As you know, servers can receive thousands of access requests every day.

If there are too many requests coming to the server, the connection will feel slower even if the server is down.

The cache will save you from slow connections.

Because the browser will retrieve data that is already in local storage instead of sending a new request to the server and must share bandwidth resources with other clients.

Ease of Access

When you want to enter a certain site, you need to enter the domain name of the website you want to go to.

Then enter the username and password.

With it, you don’t have to write down the full domain name, it will usually appear by itself.

Even with a username and password, you don’t need to write it down repeatedly every time you want to access the site.

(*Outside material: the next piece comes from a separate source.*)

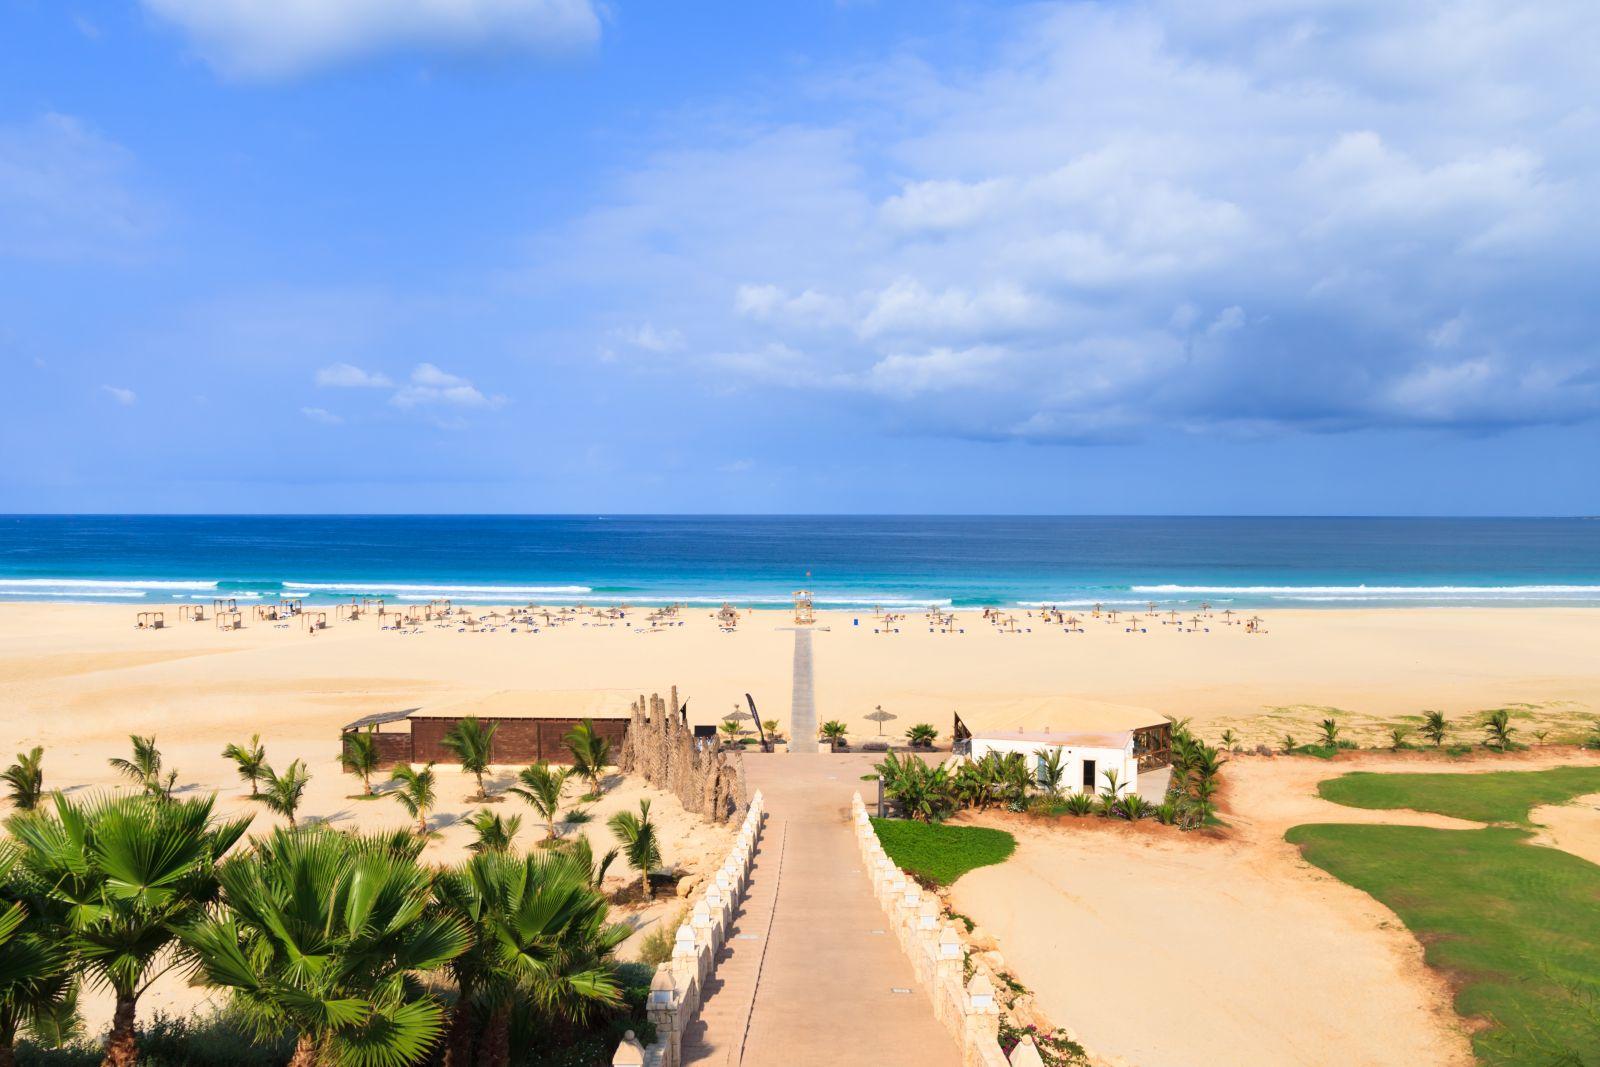 Auch auf Boa Vista sind die langen, breiten Sandstrände ideal zum ungestörten Sonnen und Baden. ©Black-photography/AdobeStock

For example Gmail. When the username and password are already in it, you can simply open Gmail and can go directly to the inbox page.

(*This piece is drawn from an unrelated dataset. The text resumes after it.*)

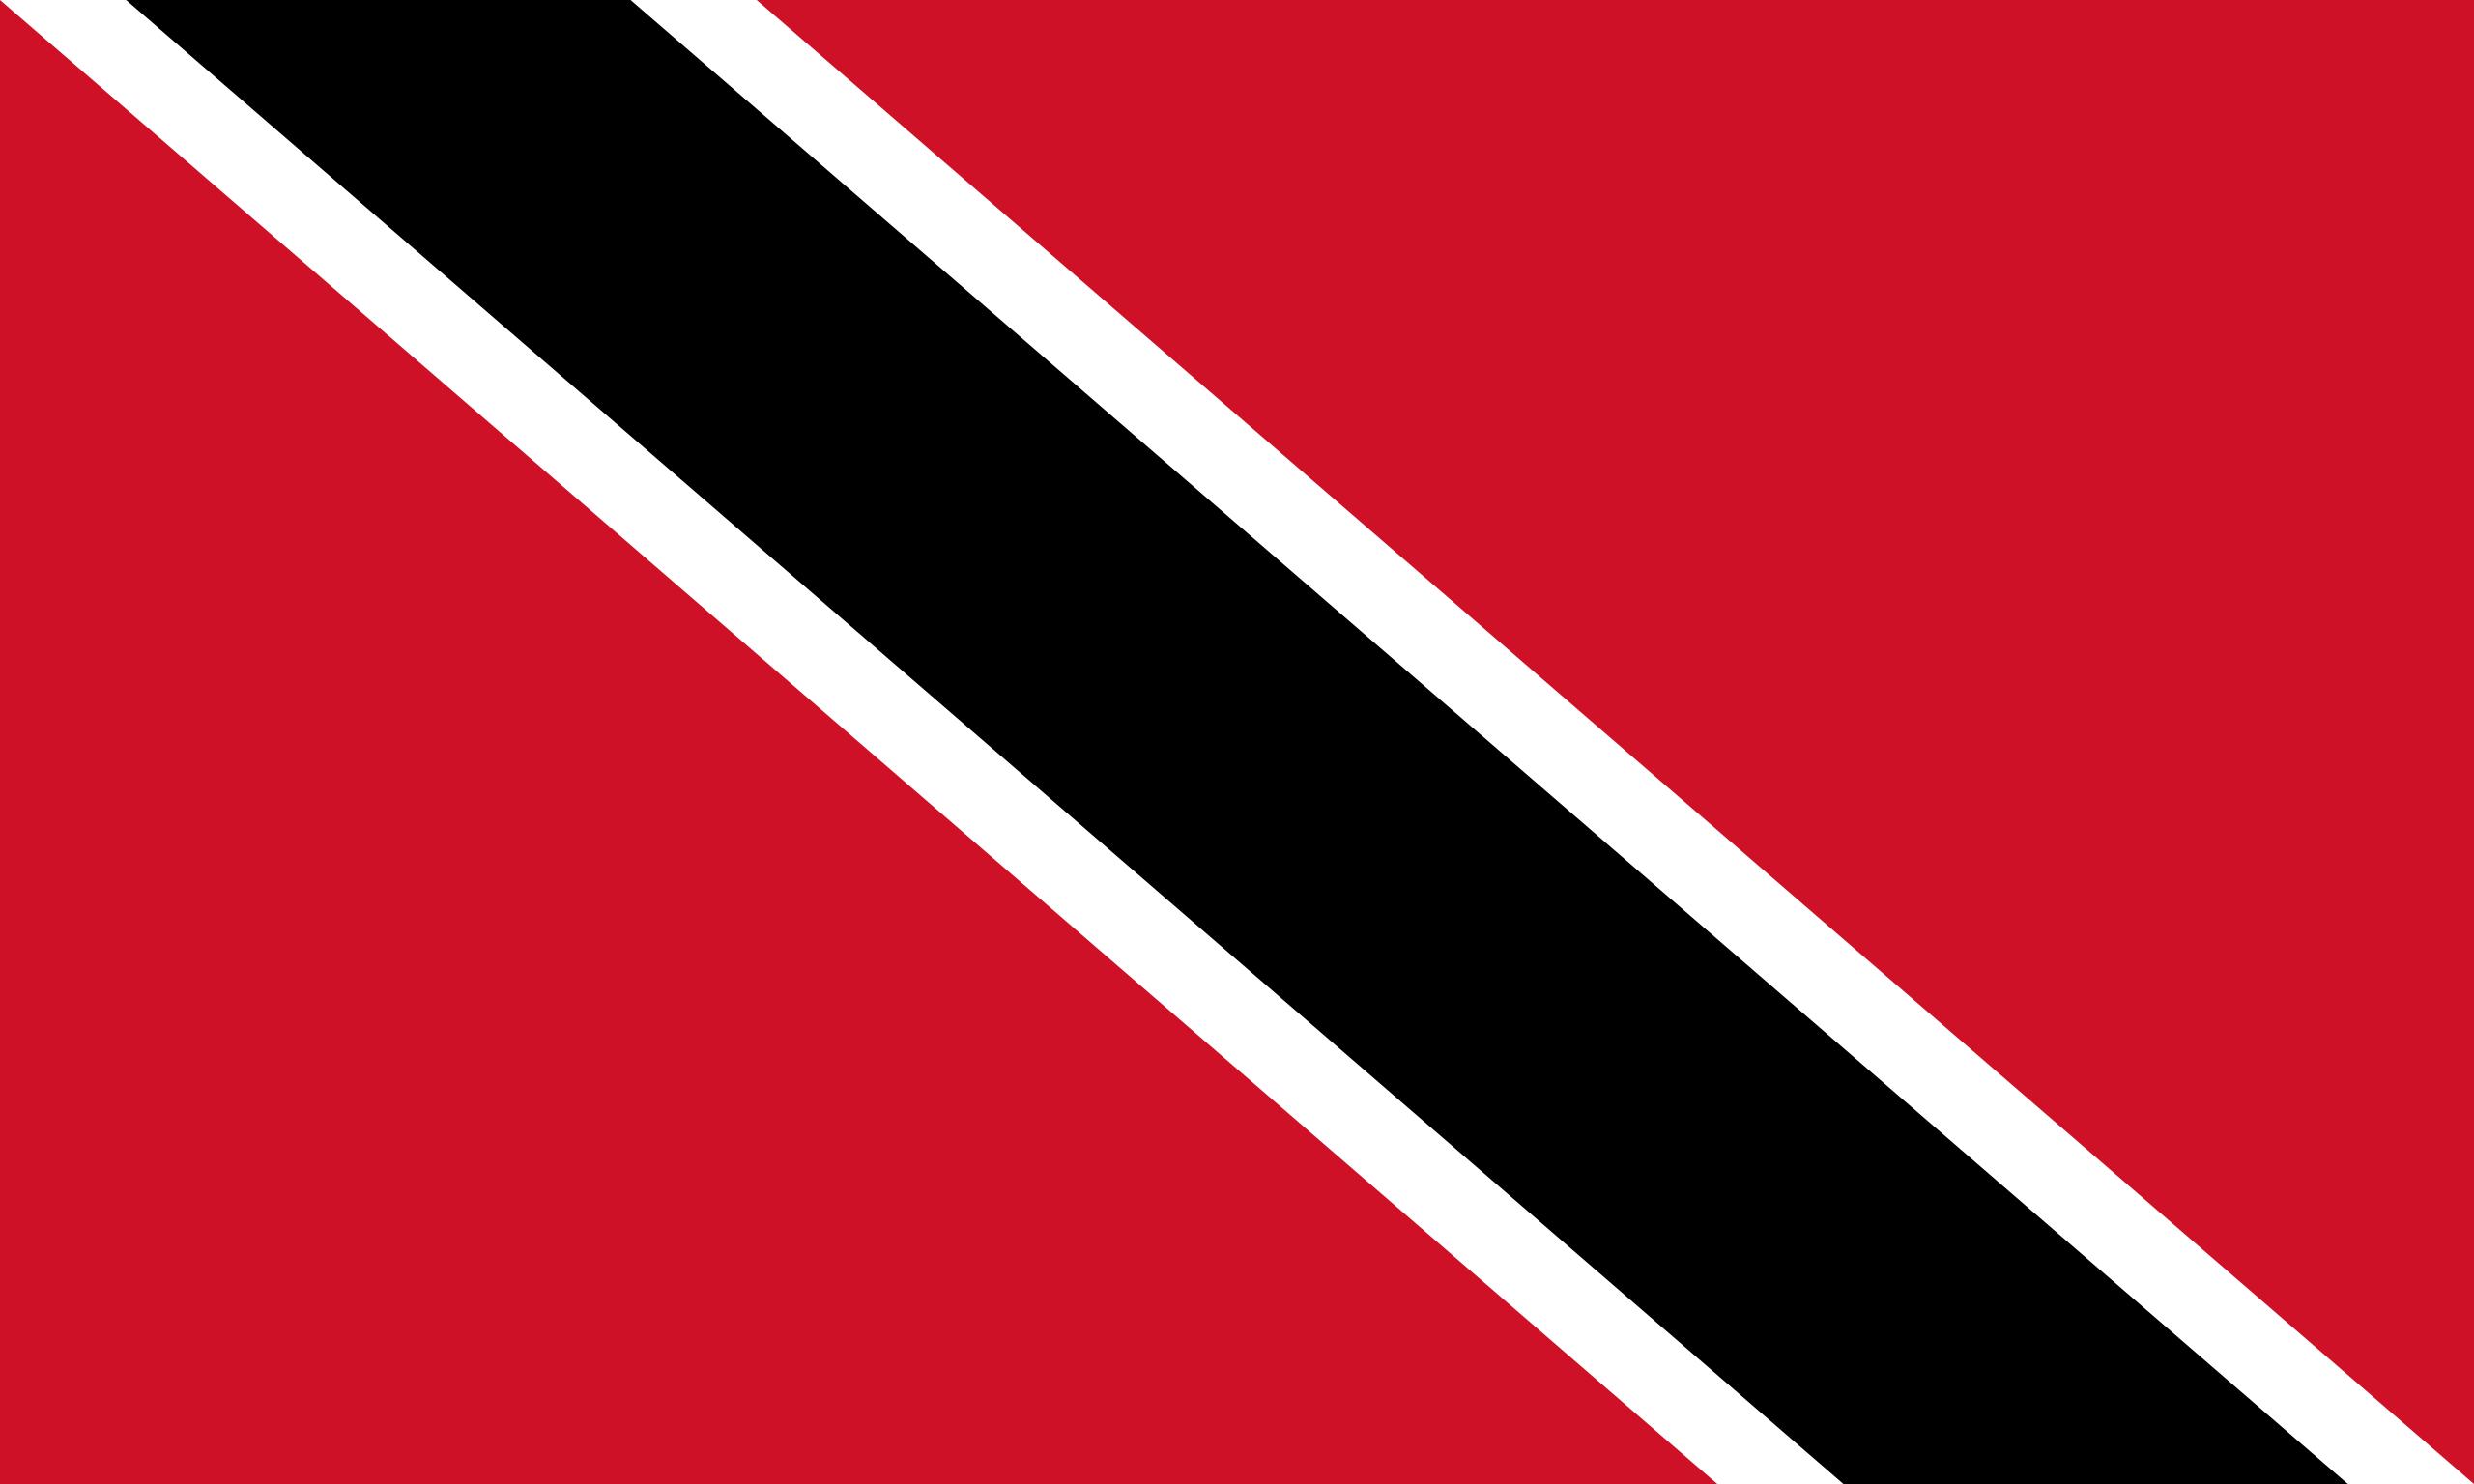 trinidad y tobago, 国家, 会徽, 徽标, 符号 - 高清壁纸 - 教授-falken.com

Website Still Running Even Offline

Some PWAs or Progressive Web Apps can be run even when they are offline.

You can view the content that was accessed before the internet connection was lost. Because the application has stored data in it.

Lack of Cache

Although it can facilitate surfing activities in cyberspace and the use of online applications, it also has several drawbacks, including:

Causing Full Storage

Although cached data is temporary and relatively small in size, over time it can accumulate.

Try to open the smartphone and see it on your various applications. Compare the original app size and the current app size.

If you use it often, the size of the application or web browser will definitely increase.

Creating Application Error

Although it rarely happens, sometimes errors occur in the caching process that makes data corrupt.

These errors can cause the browser or application to fail to load the website, such as the appearance of a 404 error message, a 505 error, and so on.

Sometimes too much cache also makes the application stop working with the error message “Unfortunately, App Has Stopped”.

Blocking Access to Latest Updates

The cache stores data from the client browser’s first visit to a website.

So that when making a repeat visit to the website, the client browser will immediately be treated to data based on what has been stored in it.

If your cache is too full, the client browser may fail to display updates on a website properly.

Because it cannot retrieve new data from the server.

Vulnerable to Hacker Attacks

Although it can speed up website load times and make it easier to access them, caches also open up gaps for hackers to attack your device.

This is because the client browser cache may contain your sensitive personal information.

Like passwords into online stores, email, or social media.

Your browser cache could be hacked by hackers and your data could be taken for irresponsible use.

It’s not just the client browser that is threatened by hacker attacks from it.

Web servers can also be easy targets for hackers.

Should Cache Be Cleared?

The cache is like two sides of a coin, it has advantages but can also cause problems if not managed properly.

To make your browsing experience safer and your computer lighter, we recommend that you regularly manage your cache.

Clear cached data regularly; three days, once a week, or according to the frequency of use of the browser or application on your device.